Explore three practical examples of web scraping using BeautifulSoup in Python.
By Taylor

Introduction to Web Scraping with BeautifulSoup in Python

Web scraping is a powerful technique used to extract data from websites. With Python’s BeautifulSoup library, you can easily parse HTML and XML documents to obtain the information you need. In this article, we’ll explore three practical examples of web scraping with BeautifulSoup that cater to various use cases. Whether you’re looking to gather data for research or to automate a repetitive task, these examples will guide you step-by-step.

Example 1: Scraping Article Titles from a News Website

Context

In this example, we’ll scrape the titles of articles from a news website. This is useful for gathering headlines for analysis or to stay updated on current events.

import requests
from bs4 import BeautifulSoup

## Send a request to the news website
url = 'https://news.ycombinator.com/'
response = requests.get(url)

## Parse the HTML content
soup = BeautifulSoup(response.text, 'html.parser')

## Find all article titles
titles = soup.find_all('a', class_='storylink')
for title in titles:
    print(title.get_text())

Notes

  • Make sure to check the website’s robots.txt file to ensure that scraping is permitted.
  • You can modify the URL to scrape titles from different sections or pages of the website.

Example 2: Extracting Product Prices from an E-commerce Site

Context

In this example, we will scrape product prices from an e-commerce site.

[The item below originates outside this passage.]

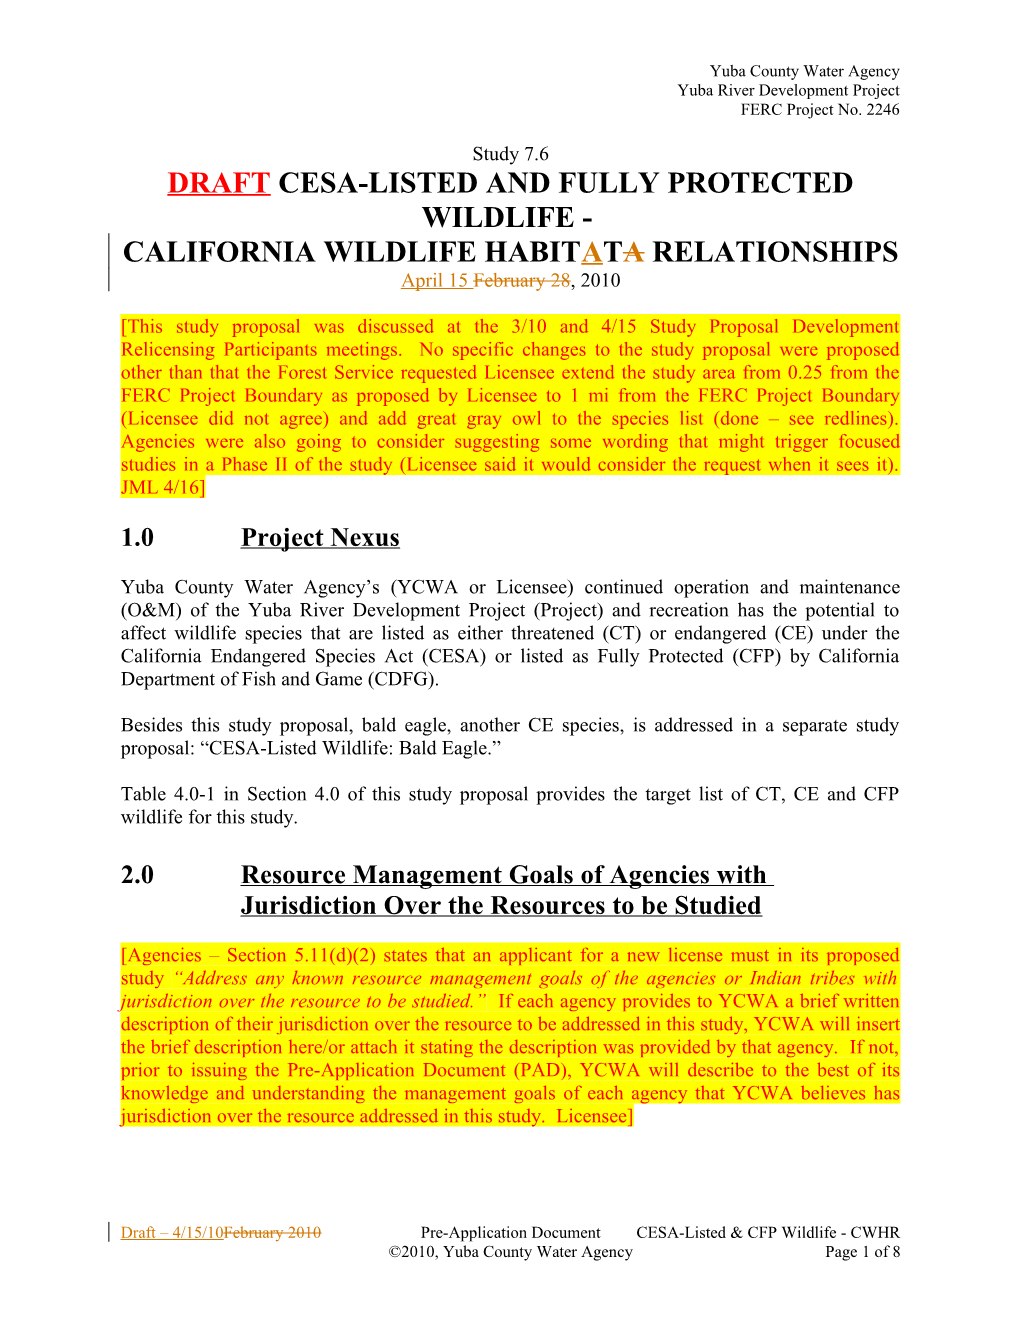 DRAFT Study Proposal WB-1 - Special-Status Plants s1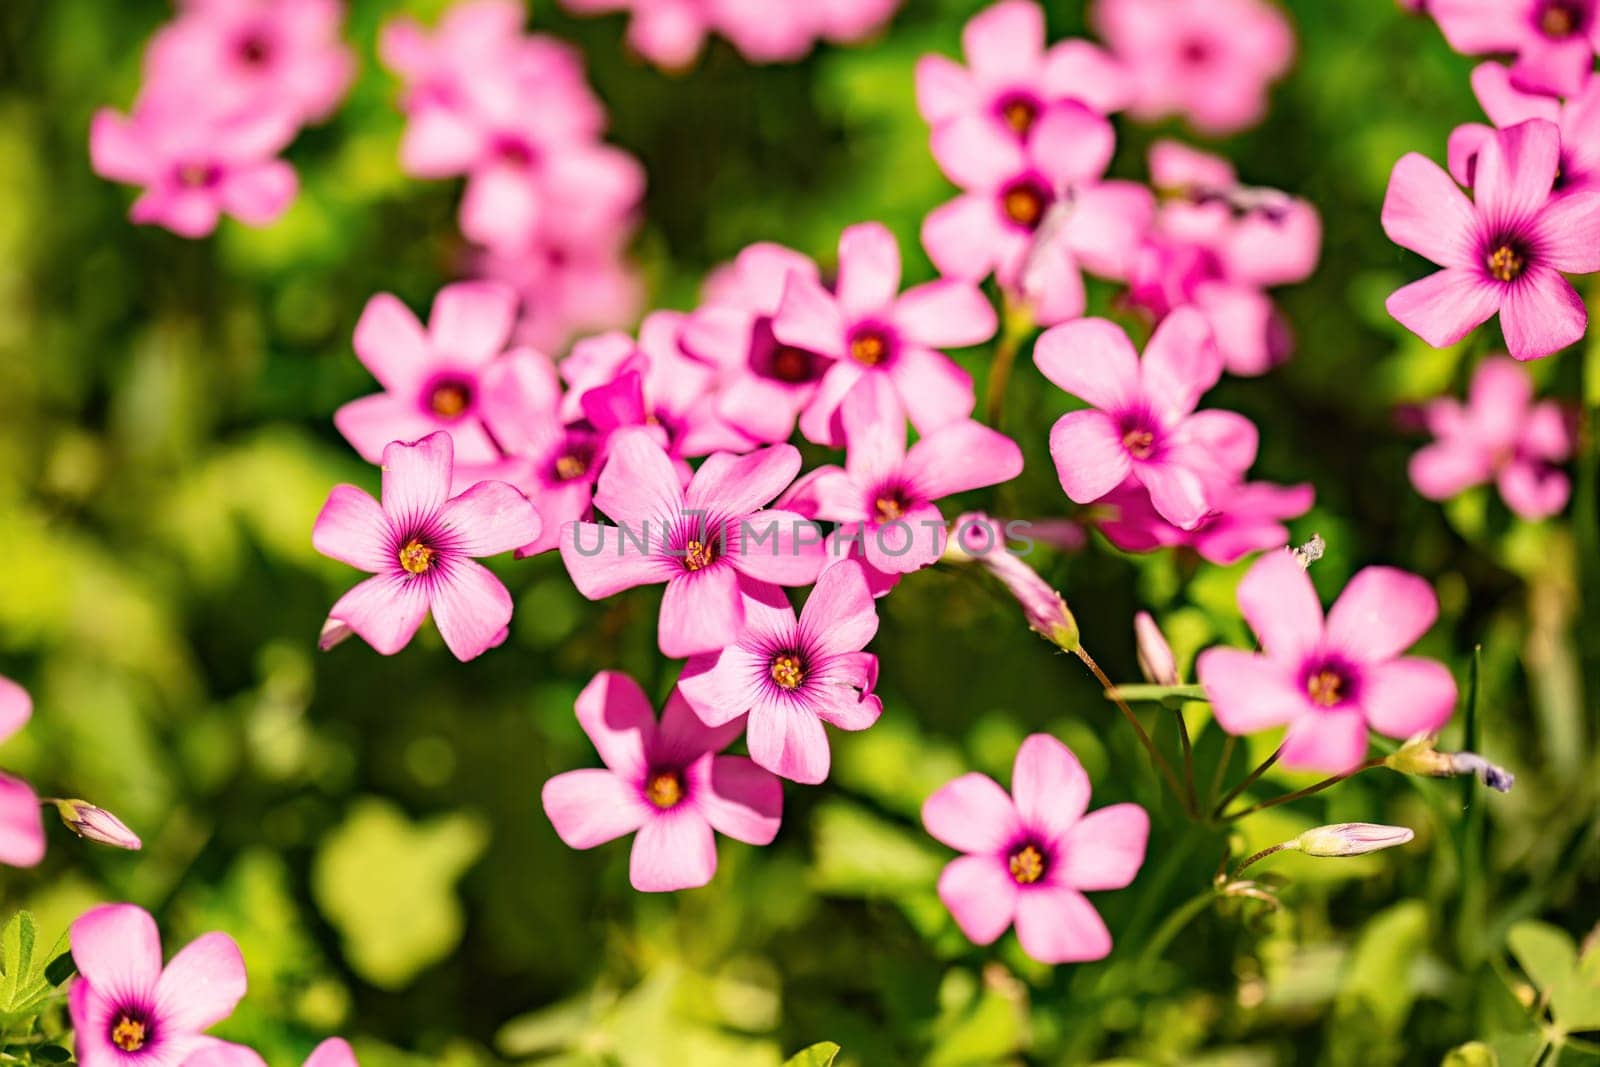 Oxalis articulata flowering on a vibrant spring meadow, showcasing delicate pink blooms.

This is particularly helpful for price comparison or market analysis.

import requests
from bs4 import BeautifulSoup

## Send a request to the e-commerce website
url = 'https://example-ecommerce.com/products'
response = requests.get(url)

## Parse the HTML content
soup = BeautifulSoup(response.text, 'html.parser')

## Find all product prices
prices = soup.find_all('span', class_='product-price')
for price in prices:
    print(price.get_text())

Notes

  • Replace the URL with a real e-commerce site and adjust the class name based on the site’s structure.
  • Consider implementing delays between requests to avoid overloading the server.

Example 3: Collecting Data from a Job Listings Page

Context

In this example, we’ll extract job titles and their respective company names from a job listings page. This is useful for job seekers looking to analyze job market trends.

import requests
from bs4 import BeautifulSoup

## Send a request to the job listings website
url = 'https://example-jobs.com/listings'
response = requests.get(url)

## Parse the HTML content
soup = BeautifulSoup(response.text, 'html.parser')

## Find all job postings
job_postings = soup.find_all('div', class_='job-listing')
for job in job_postings:
    title = job.find('h2', class_='job-title').get_text()
    company = job.find('div', class_='company-name').get_text()
    print(f'Job Title: {title}, Company: {company}')

Notes

  • Ensure to adjust the class names based on the actual HTML structure of the job listings page.
  • You might want to store the results in a CSV file for further analysis.